Mehmet Muş, kamu kurum ve kuruluşlarının bütçe görüşmelerinin 24 Kasım Cuma günü tamamlanacağını ifade ederek görüşmelerin hayırlı uğurlu olması temennisinde bulundu.
Daha sonra, Cumhurbaşkanı Yardımcısı Yılmaz, 2024 yılı bütçesinin sunumuna başladı.
Yılmaz, 2024 Yılı Merkezi Yönetim Bütçe Kanunu Teklifi ve 2022 Yılı Merkezi Yönetim Kesin Hesap Kanunu Teklifi'ne ilişkin TBMM Plan ve Bütçe Komisyonunda yaptığı sunumda, orta ve uzun vadeli hedeflerle uyumlu şekilde hazırlanan 2024 Yılı Bütçe Kanunu Teklifi'nin, Meclisin onayının ardından, Türkiye Yüzyılı'nın ilk bütçesi olacağını, Cumhuriyet'in yeni yüzyılında daha da güçlü Türkiye’yi inşa ve ihya bütçesi olduğunu söyledi.
Bütçe teklifinin içerdiği 67 ayrı program alanı ile "dirençli şehirler, dirençli ekonomi ve dirençli toplum" önceliklerini esas aldığını vurgulayan Yılmaz, bu bütçeyle depremle yıkılan şehirleri daha iyi şekilde yeniden ayağa kaldıracaklarını, geleceğe dönük afet risklerini azaltacaklarını ifade etti.

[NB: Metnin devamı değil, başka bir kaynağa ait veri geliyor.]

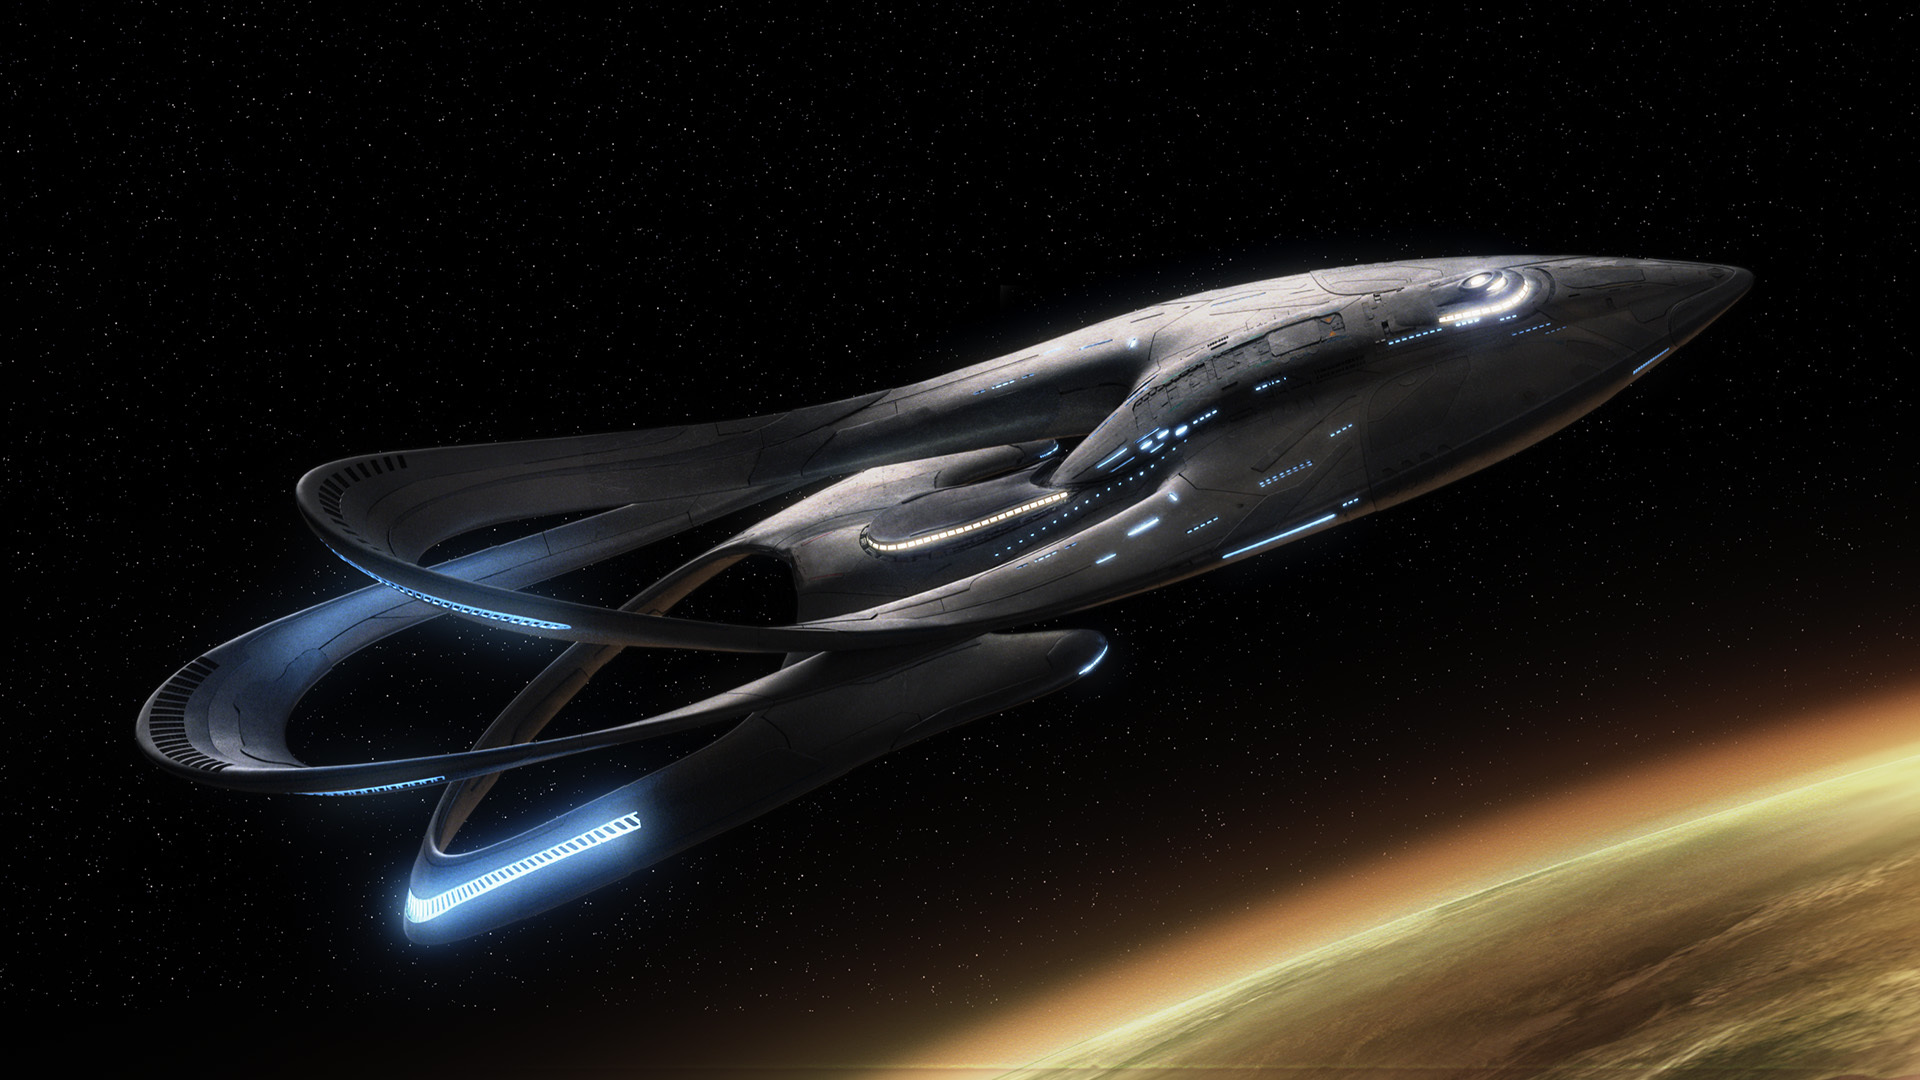 The Orville Ship

"Mali disiplini esas alan, maliye ve para politikaları koordinasyonunu güçlendiren, yapısal reformları öne çıkaran bir anlayış ile ekonomimizde istikrarı kalıcı hale getireceğiz." diyen Yılmaz, 2024 yılı bütçesinin yatırımı, istihdamı, üretimi ve ihracatı destekleyen, insan odaklı ve sosyal refahı artırıcı bir yaklaşımla hazırlandığını kaydetti.

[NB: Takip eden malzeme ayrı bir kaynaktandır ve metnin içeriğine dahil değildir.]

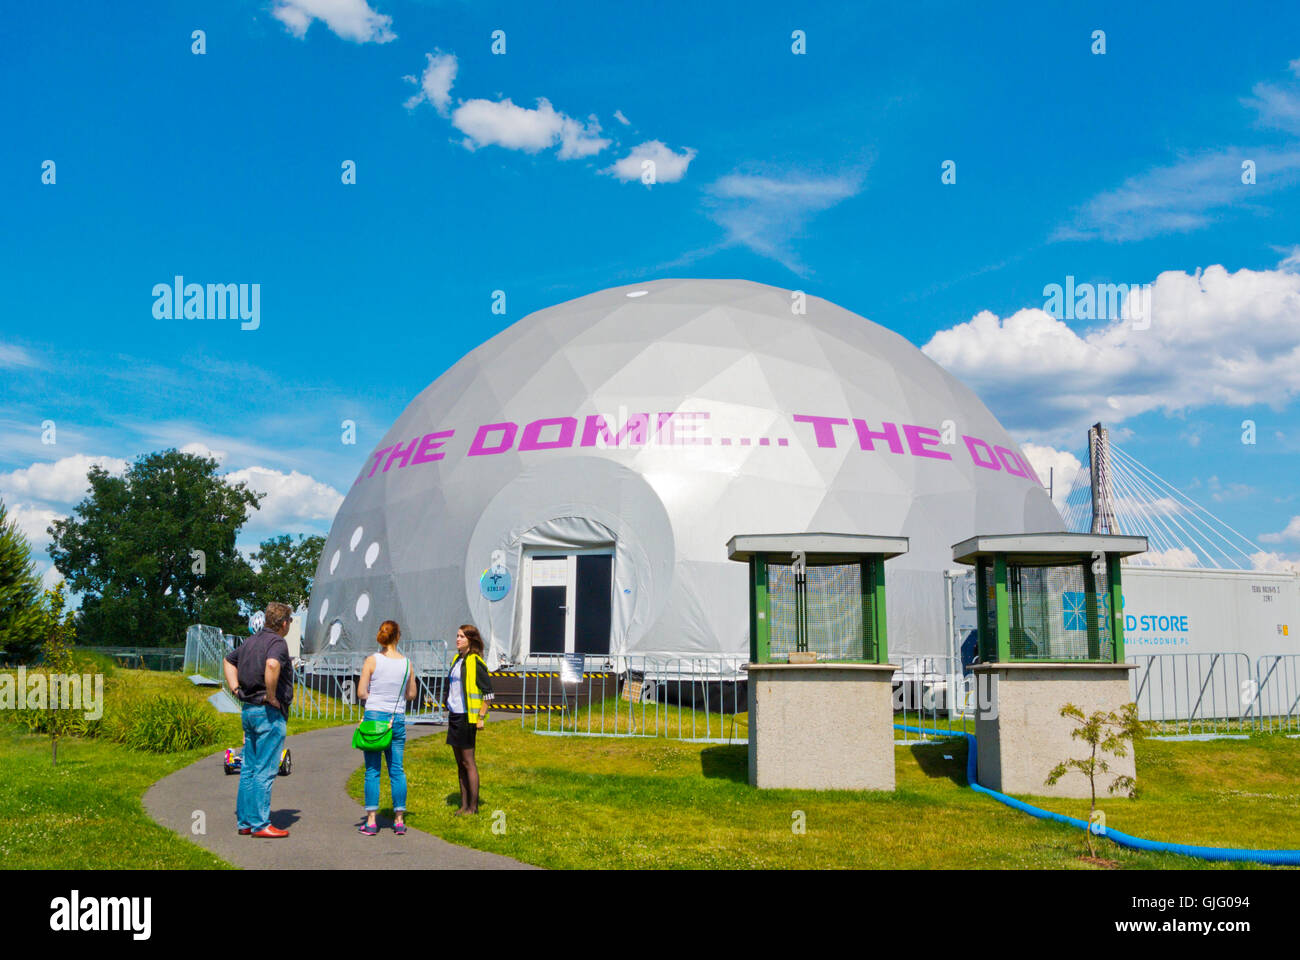 The Sirius Domes, temporary exhibition tents outside Kopernikus Science Centre, Park Odkrywcow, Warsaw, Poland Stock Photo

Yılmaz, tüm dünyayla birlikte Türkiye'yi de olumsuz etkileyen hayat pahalılığının üstesinden ortak akılla belirlenen gerçekçi politikalarla geleceklerini ifade ederek bütçenin aynı zamanda enerji ve gıda arz güvenliği, iklim değişikliği ve dijital dönüşüm gibi alanlarda ülkenin elini daha da güçlendirecek yapıda olduğunu dile getirdi.
"Diplomaside belirleyici rolümüzü sürdüreceğiz"
Bölgedeki kriz ve çatışmalara rağmen güvenli bir liman olarak Türkiye'nin dimdik ayakta durmasını, barış eksenli etkili diplomasiyle demokratik istikrarı güçlendirmeye, milli birlik ve beraberliği pekiştirmeye devam edeceklerini anlatan Yılmaz, şöyle devam etti:
"Son günlerde, İsrail ve Filistin bağlamında yaşanan insani dramın sonuçları ortadadır. Bugünler Filistinli kardeşlerimizin acılarını paylaşmak için ilan edilen yas günleridir. Bu vesileyle ben de İsrail’in saldırıları sonucunda şehit düşen kardeşlerimize Allah’tan rahmet, yaralananlara Allah’tan acil şifalar diliyorum. Gazze’de yaşayan halkın su, elektrik, yakıt, gıda, ilaç gibi en temel insani ihtiyaçlardan mahrum bırakılması, uluslararası hukuka, temel hak ve özgürlüklere açık bir aykırılık teşkil etmektedir. Hastaneleri, camileri bile bombalanan Filistinliler için barışı savunmak insanlık görevidir. Daha fazla masum kanı dökülmemesi için çaba sarf etmek hepimizin ortak sorumluluğudur. Türkiye Büyük Millet Meclisi, 12 Ekim günü kabul ettiği Ortak Bildiri’yle bu haksızlıklara karşı güçlü bir duruş sergilemiştir. Bu insani ve onurlu duruşundan dolayı Meclis'imizin tüm gruplarını gönülden tebrik ediyorum. Tüm dünyayı, özellikle başta BM olmak üzere tüm uluslararası toplumu bu vahşetin son bulması yönünde çözüme katkı vermeye davet ediyoruz. Türkiye olarak çatışmaların ve acıların sonlandırılması, soruna adil ve kalıcı bir çözüm bulunması yolunda üzerimize düşeni kararlı bir şekilde gerçekleştirmeye devam edeceğiz. Bölgesel ve küresel dengelerin anahtar ülkesi olarak diplomaside belirleyici rolümüzü sürdüreceğiz."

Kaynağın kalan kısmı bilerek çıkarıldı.